To draw attention to these various appeals, Botner adorned his advertisement with a woodcut that depicted a saddle.  That image distinguished his advertisement from the other paid notices in the same issue.  Four of them featured stock images of ships at sea, supplied by the printers, but all of the other advertisements relied solely on text without images.  Botner’s advertisement was the only one with an image commissioned for the exclusive use of that business.  It was not the first time, however, that the saddler deployed the image, though it had been a while since it appeared in the pages of the Pennsylvania Gazette.  More than three years earlier, Botner ran an advertisement in the Postscript Extraordinary to the Pennsylvania Gazette on May 3, 1770, adorning his notice with the woodcut and invoking the sign that marked the location of his shop.  That sign remained a constantly visible marker for residents and visitors who traversed the streets of Philadelphia in the intervening years, even though the woodcut disappeared from the public prints during that time.  Like many other entrepreneurs, Botner utilized visual images to promote his business, but used some, like his shop sign, consistently and others, like his woodcut in his newspaper advertisements, sporadically.  Botner and others experimented with the power of images in their marketing efforts, sometimes assuming additional costs for the advertisements they placed in colonial newspapers.

May 3

What advertised in a colonial American newspaper 250 years ago today?

May 3 - 5:3:1770 Pennsylvania Gazette
Postscript Extraordinary to the Pennsylvania Gazette (May 3, 1770).

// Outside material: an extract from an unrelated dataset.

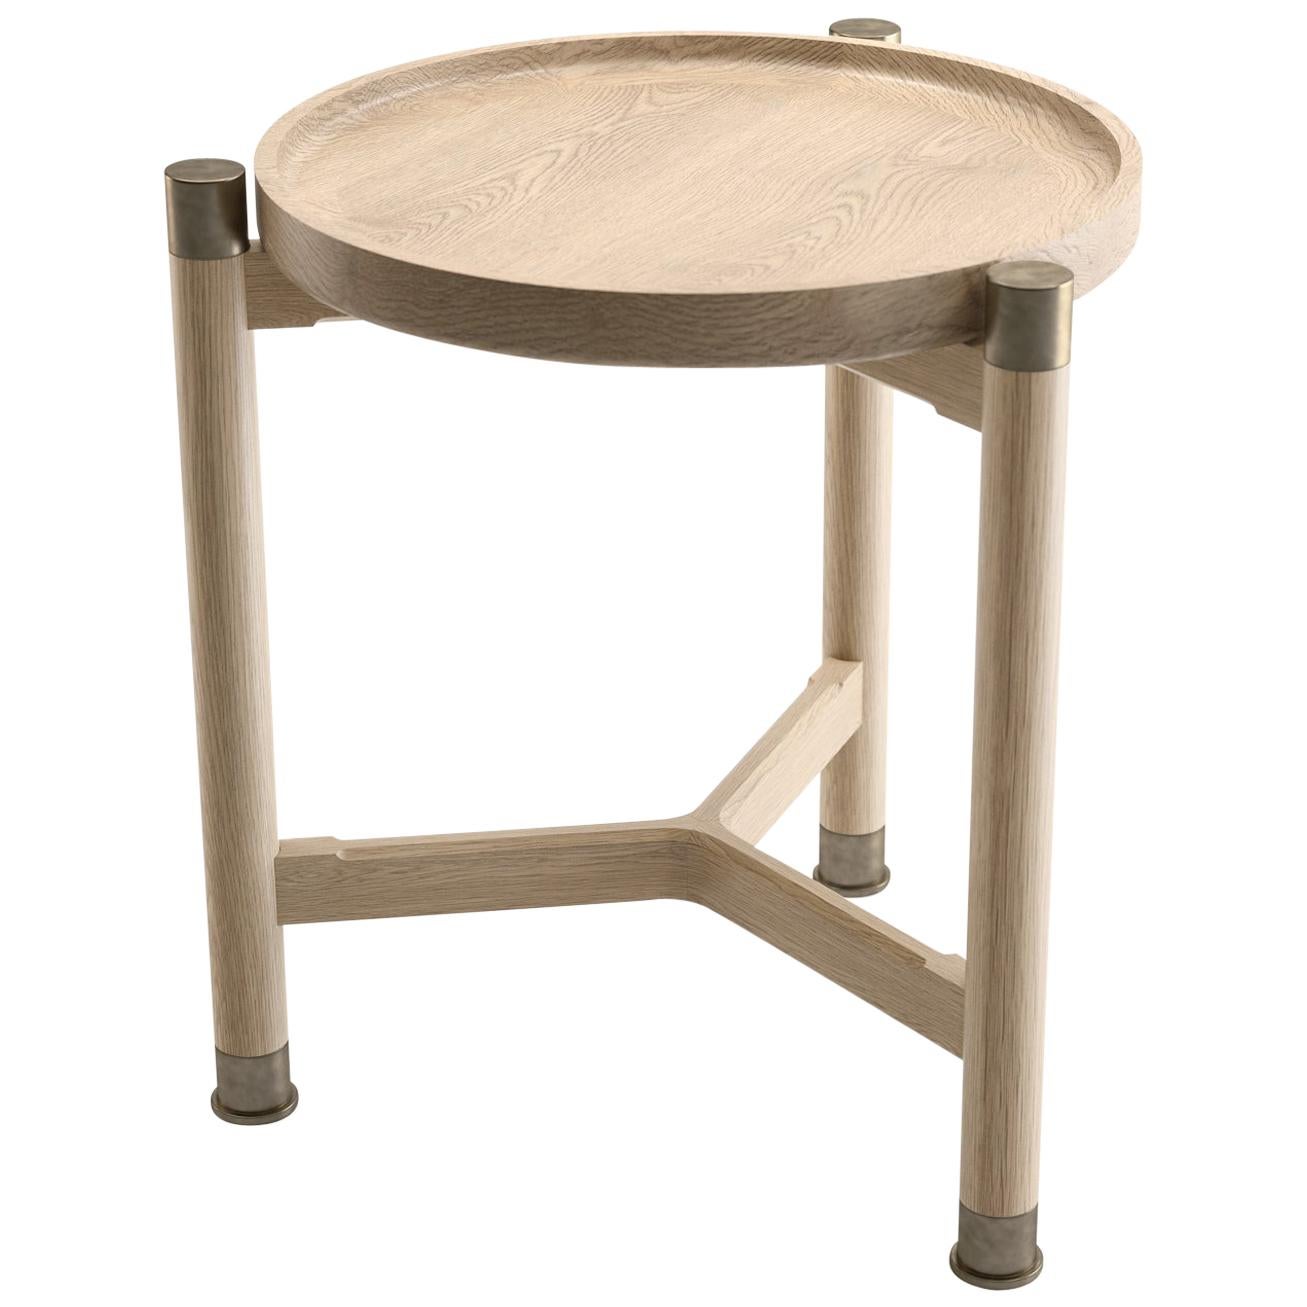 Otto Round Accent Table in Oak with Antique Brass Fittings For Sale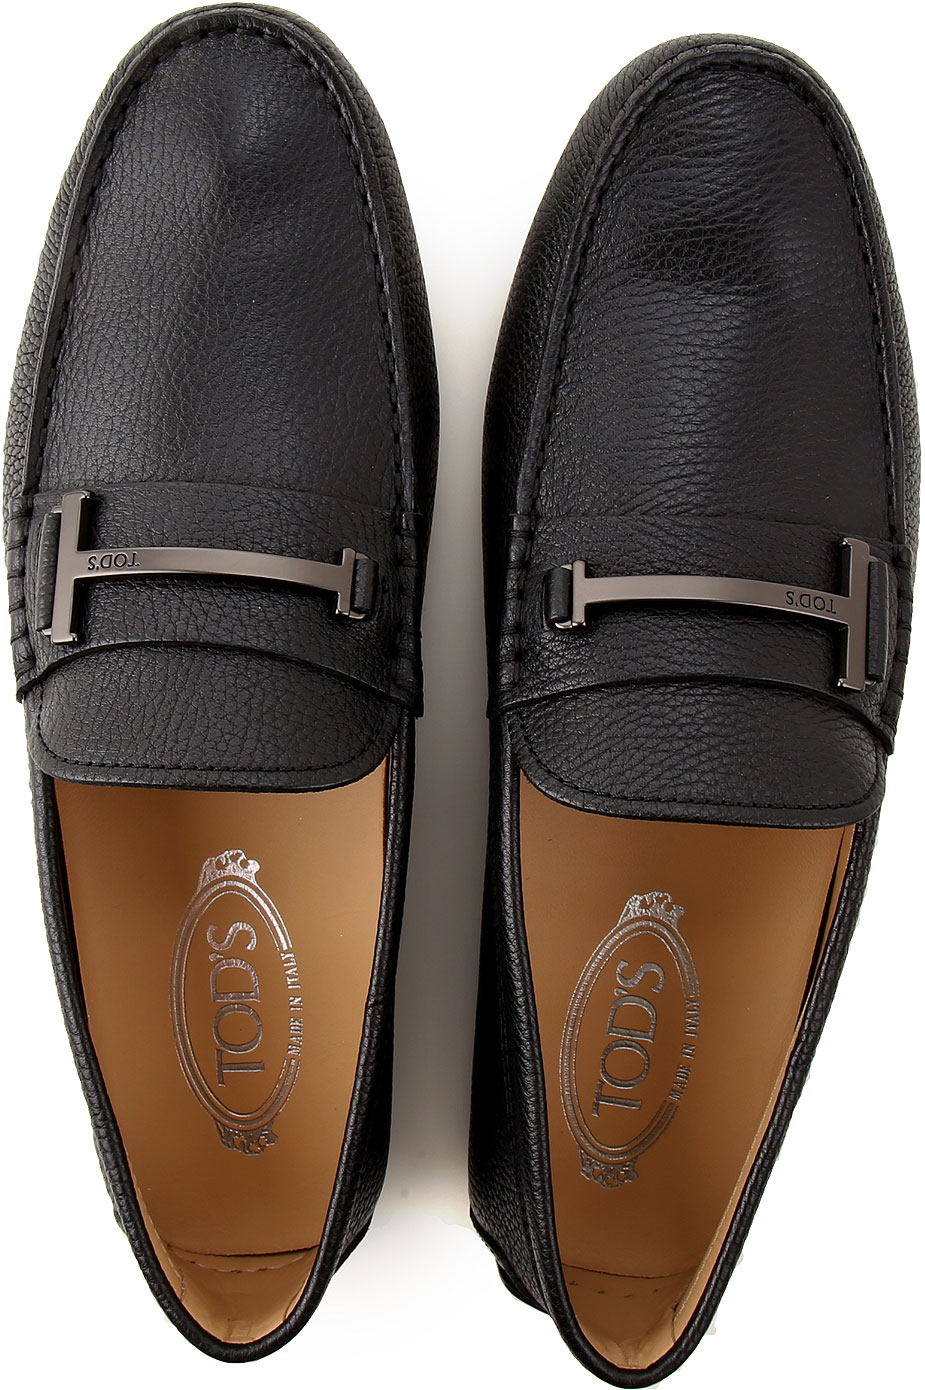 Mens Shoes Tods, Style code: xxm42c0dh50vypb999--

“The Sign of the Hunting-Side-Saddle.”

A striking image of a saddle embellished Elias Botner’s advertisement in the Postscript Extraordinary to the Pennsylvania Gazette published on May 3, 1770.  The woodcut announced Botner’s occupation before readers had a chance to peruse the advertising copy that described “GENTLEMENS English, hunting, full welted and plain, Hogskin, Buckskin, and Neats Leather, seated SADDLES,” “Ladies hunting Side-Saddles,” and all kinds of accessories.  Inserting this image represented a significant investment for Botner.  He had to commission the woodcut that corresponded to his business and would not be used in any other advertisements, plus he had to pay for the space that it occupied on the printed page.  Eighteenth-century advertisers paid by the amount of space required for their notices, not the number of words.  The image of the saddle nearly doubled the amount of space for Botner’s advertisement.

The saddler quite likely considered it worth the investment.  His saddle was the only visual image on either page of the Postscript Extraordinary, drawing the eye away from the dense text that constituted both news and every other advertisement.  Including an image was itself extraordinary in the various parts of the May 3 edition of the Pennsylvania Gazette.  The standard four-page issue featured only two images, the shield that adorned the masthead on the front page and a generic image of a ship that accompanied a notice about a ship preparing to depart for Bristol.  In the two-page Supplement, another woodcut of a ship appeared in another notice about a ship sailing for Bristol.  Both images of ships belonged to the printer and could be deployed interchangeably in advertisements concerning maritime trade.  Over the course of the eight pages that constituted the standard issue, the Supplement, and the Postscript Extraordinary, readers encountered only four images.  Botner’s saddle was the only one that would have been unique or unexpected.  As a result, it may have been just as effective as (or even more effective than) his description of hjs goods or his promises of customer service in attracting the attention of prospective customers.